Of course. Does this mean that you concede that our desires are not freely chosen?
Oh, good!
You're right, the argument in chapter 7 is not complete, it's just the 80/20 part of Deutsch's argument, so it's what I point people to first. And non-explanatory models with predictive power are not impossible, they're just extremely unlikely (probability indistinguishable from zero). The reason they are extremely unlikely is that in a finite universe like ours there can exist only a finite amount of data, but there are an infinite number of theories consistent with that data, nearly all of which have low predictive power. Explanatory power turns out to be the only known effective filter for theories with high predictive power. Hence, it is overwhelmingly likely that a theory with high predictive power will have high explanatory power.
No.
First, I disagree with "Free will means unpredictability-in-principle." It doesn't mean UIP, it simply requires UIP. Necessary, not sufficient.

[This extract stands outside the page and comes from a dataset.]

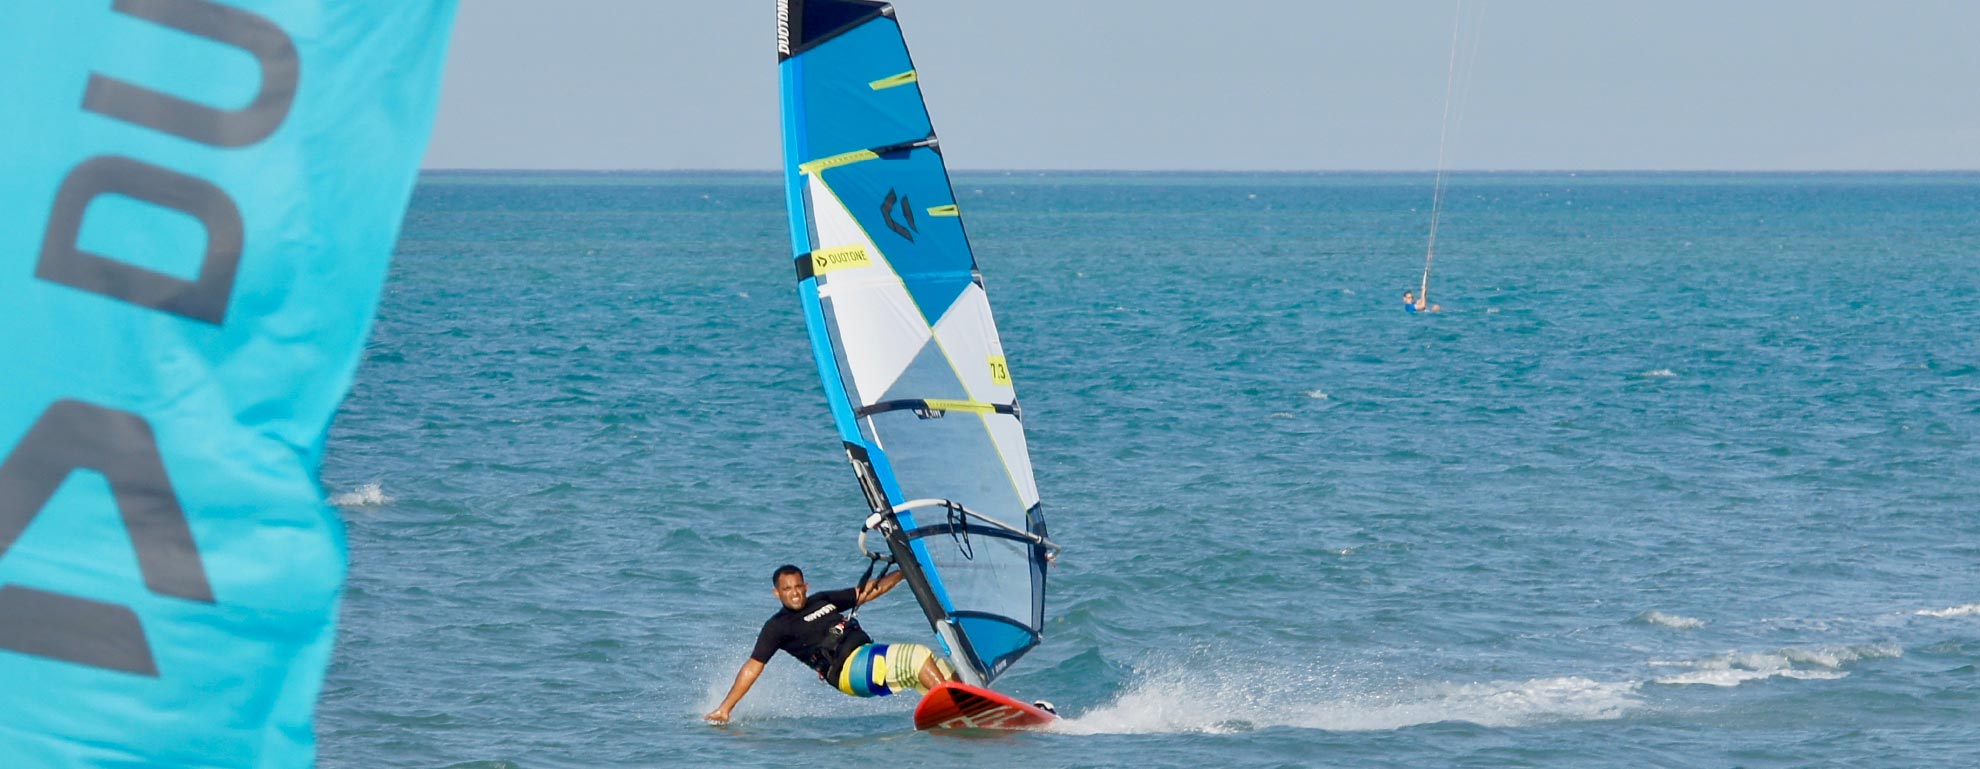 windsurf spot el gouna bg

Second, to be "real" free will, there would have to be some circumstances where you accept the bribe and surprise me. In this respect, you've chosen a bad example to make your point, so let me propose a better one: we're in a restaurant and I know you love burgers and pasta, both of which are on the menu. I know you'll choose one or the other, but I have no idea which. In that case, it's possible that you are making the choice using "real" free will.
Not so. In the first case you are being coerced by your sense of morality, or your fear of going to prison, or something like that. That's exactly what makes your choice not to take the bribe predictable. The only difference is that the mechanism by which you are being coerced in the second case is a little more overt.

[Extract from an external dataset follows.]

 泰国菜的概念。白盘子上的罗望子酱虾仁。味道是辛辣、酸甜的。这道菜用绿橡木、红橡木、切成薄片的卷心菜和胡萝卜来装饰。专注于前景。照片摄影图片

No, what I require is a notion of free will that is the same for all observers, including a hypothetical one that can predict anything that can be predicted in principle. (I also want to give this hypothetical observer an oracle for the halting problem because I don't think that Turing machines exercise "free will" or "decide" whether or not to halt.) This is simply the same criterion I apply to any phenomenon that someone claims is objectively real.

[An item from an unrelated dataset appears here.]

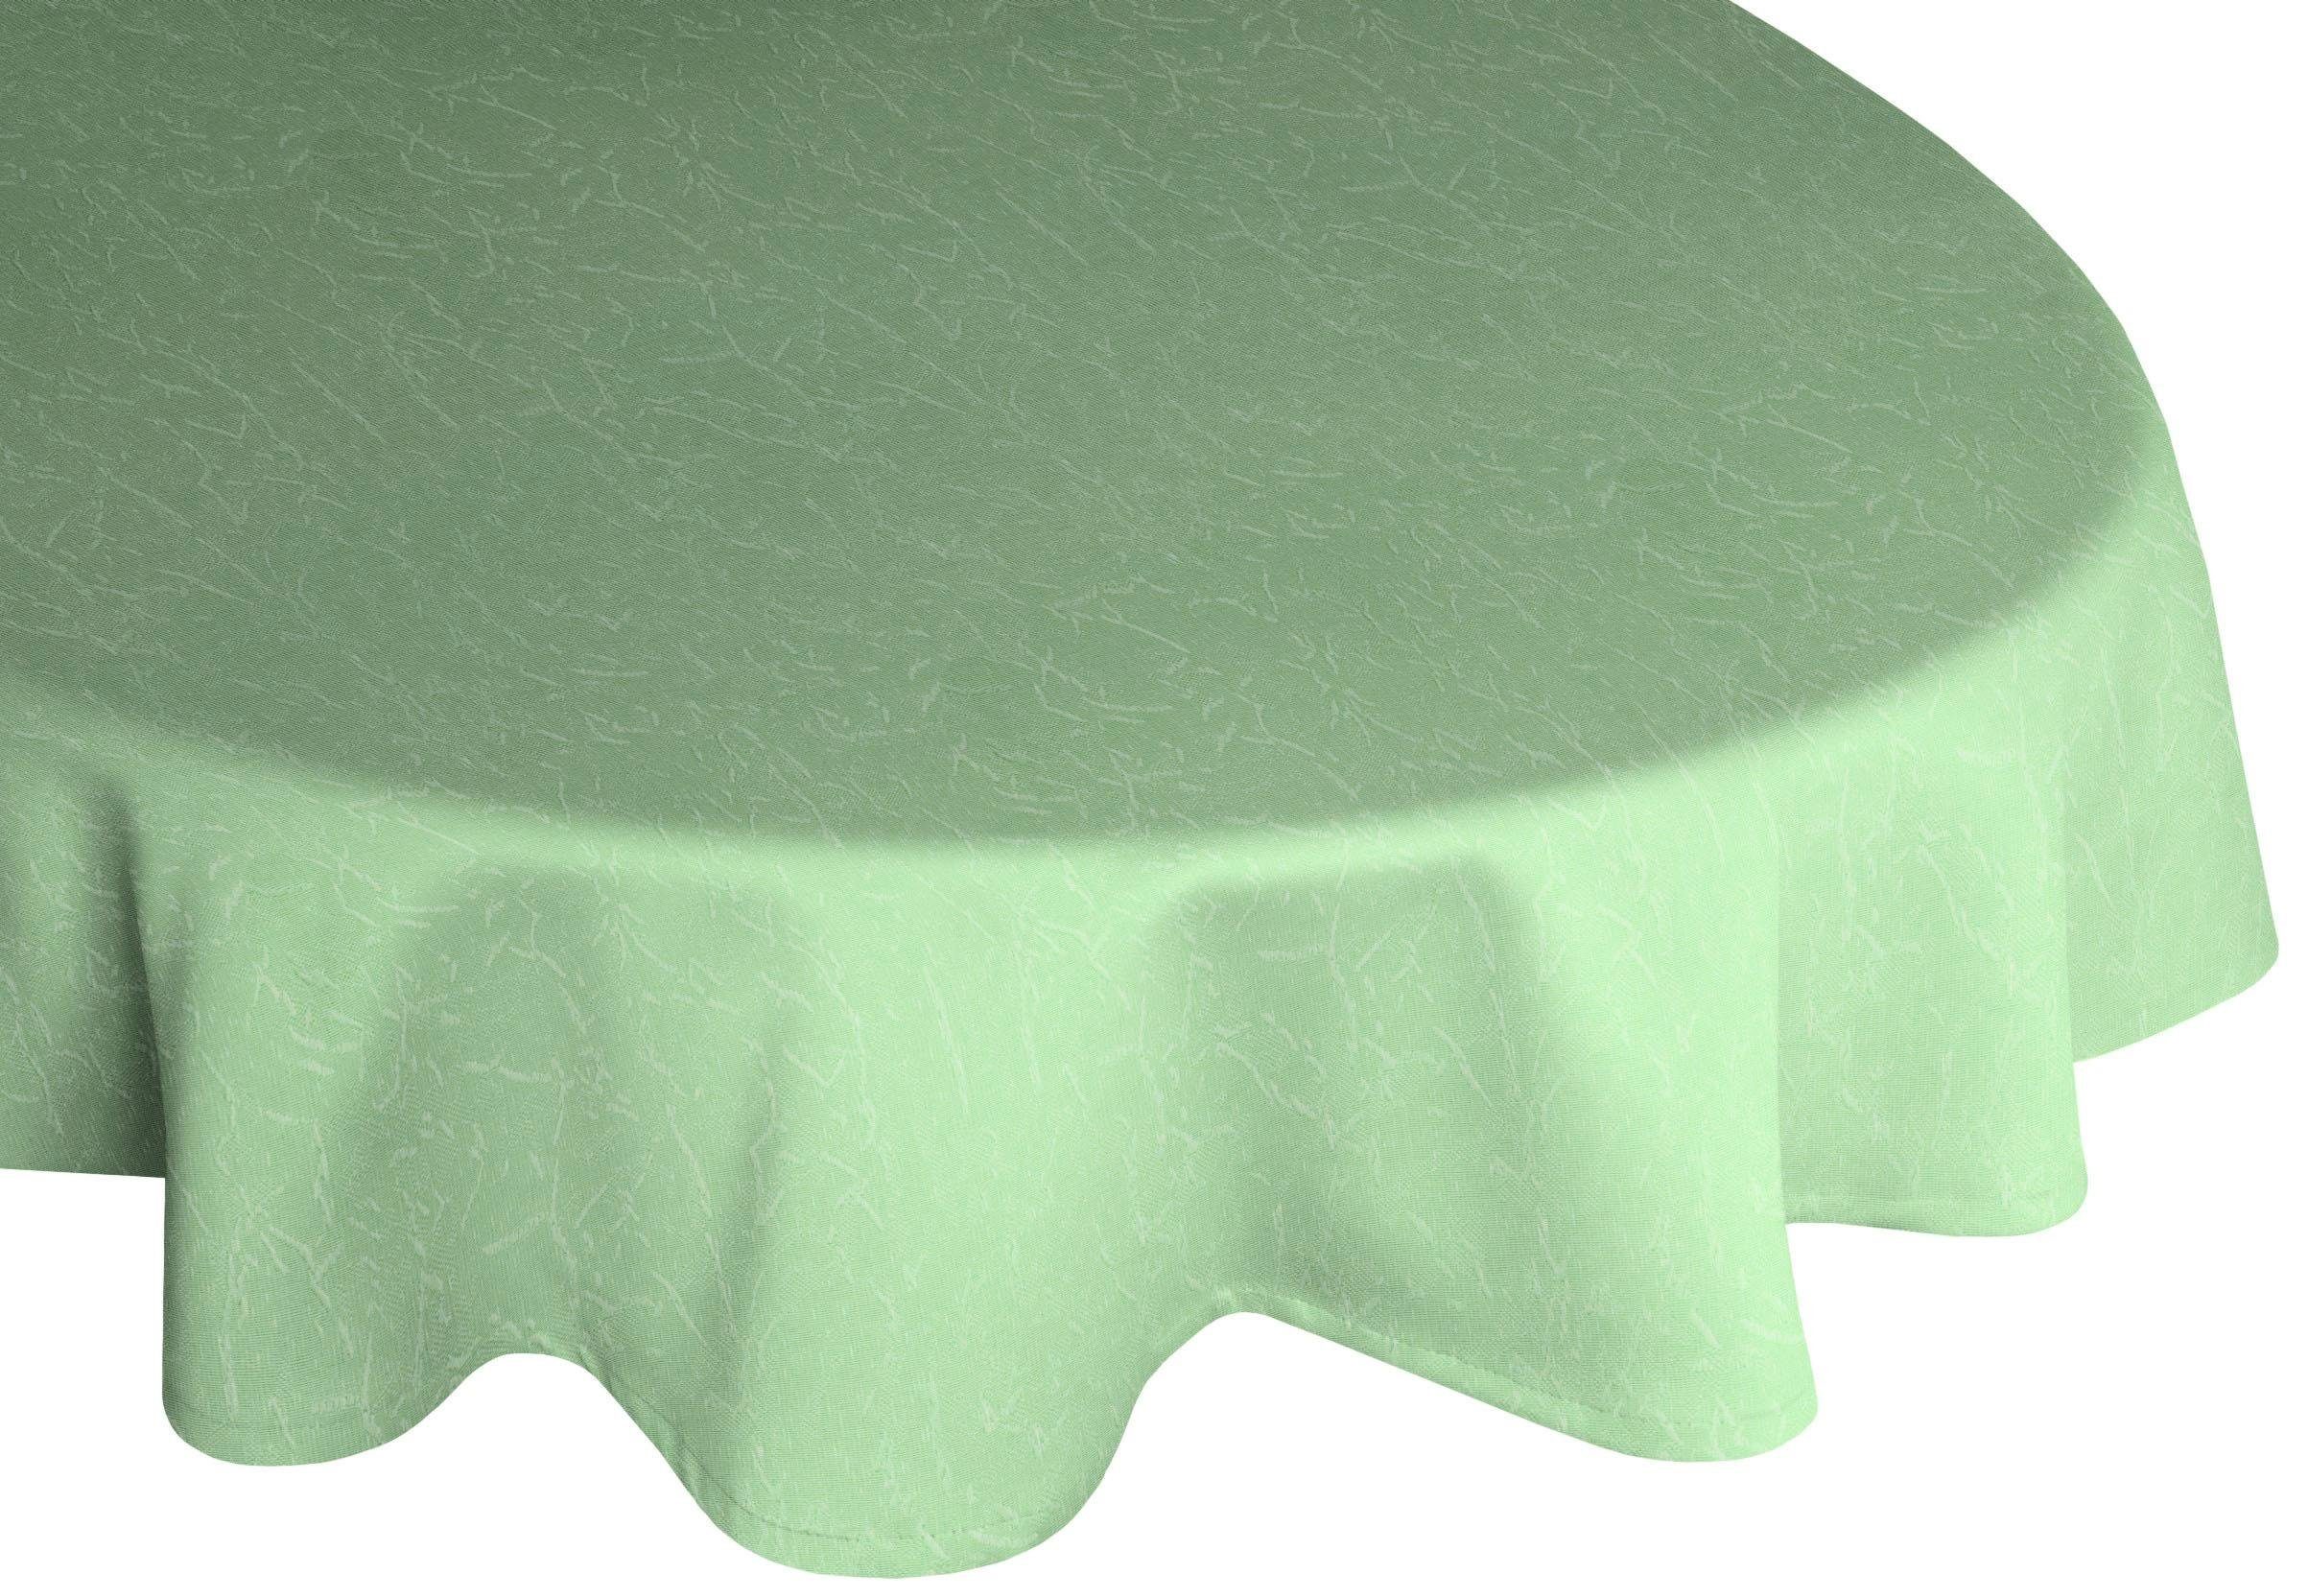 Wirth Tischdecke Lahnstein, oval grün

I think some of our desires are more freely chosen than others. I do not think an action chosen on account of a not-freely-chosen desire is necessarily best considered unfree for that reason.
That isn't quite what you said before, but I'm happy for you to amend what you wrote.
It seems to me that the argument you're now making has almost nothing to do with the argument in chapter 7 of Deutsch's book. That doesn't (of course) in any way make it a bad argument, but I'm now wondering why you said what you did about Deutsch's books.
Anyway. I think almost all the work in your argument (at least so far as it's relevant to what we're discussing here) is done by the following statement: "Explanatory power turns out to be the only known effective filter for theories with high predictive power." I think this is incorrect; simplicity plus past predictive success is a pretty decent filter too. (Theories with these properties have not infrequently turned out to be embeddable in theories with good explanatory power, of course, as when Mendeleev's empirically observed periodicity was explained in terms of electron shells, and the latter further explained in terms of quantum mechanics.)
OK, but in that case either you owe us something nearer to necessary and sufficient conditions, or else you need to retract your claim that incompatibilism does better than compatibilism in the "is there a nice clear criterion?" test. Also, if you aren't claiming anything close to "free will = UIP" then I no longer know what you meant by saying that ialdabaoth got it more or less right.
Sure. That would be why I said "with great confidence" rather than "with absolute certainty". I might, indeed, take the bribe after all, despite all those very strong reasons to expect me not to. But it's extremely unlikely. (So no, I don't agree that I've "chosen a bad example"; rather, I think you misunderstood the example I gave.)
If you say "you chose a bad example to make your point, so let me propose a better one" and then give an example that doesn't even vaguely gesture in the direction of making my point, I'm afraid I start to doubt that you are arguing in good faith.
The things you describe me as being "coerced by" are (1) not agents and (2) not external to me. These are not irrelevant details, they are central to the intuitive meaning of "free will" that we're looking for philosophically respectable approximations to. (Perhaps you disagree with my framing of the issue. I take it that that's generally the right way to think about questions like "what is free will?".)
In particular, I think your claim about "the only difference" is flatly wrong.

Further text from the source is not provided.